This paper aims to present and then resolve the thermodynamic inconsistencies inherent in the usual Boussinesq model, especially with respect to the second law, and to highlight the effects of the correction.
The Boussinesq model (i.e. still assuming ▽v=0) is made thermodynamically consistent by maintaining in the heat equation, primarily the work of pressure forces, secondarily the heat generated by viscous friction. Numerically speaking, the modifications are very easy and hardly affect the computing time. However, new non‐dimensional parameters arise, especially the non‐dimensional adiabatic temperature gradient, ϕ.
There are presented and interpreted results of systematic numerical simulations done for a two‐dimensional square differentially‐heated cavity filled with air at 300K, with Rayleigh number ranging from 3,000 to 108 and ϕ ranging from 10−3 to 2. All configurations are stationary and the fluid is far from its critical state.

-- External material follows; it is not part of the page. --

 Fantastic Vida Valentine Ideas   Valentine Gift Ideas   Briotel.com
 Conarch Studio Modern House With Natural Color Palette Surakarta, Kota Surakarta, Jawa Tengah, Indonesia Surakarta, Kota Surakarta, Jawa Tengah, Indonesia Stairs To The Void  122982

Nevertheless, the pressure‐work effect (similar to the piston effect) enhances the heat transfer while diminishing the convection intensity. The magnitude of this effect is non‐negligible as soon as ϕ reaches 0.02.
The domain where the thermodynamic Boussinesq model must be used encompasses configurations relevant to building engineering.
Exact second‐law analyses can be developed with the so‐corrected model.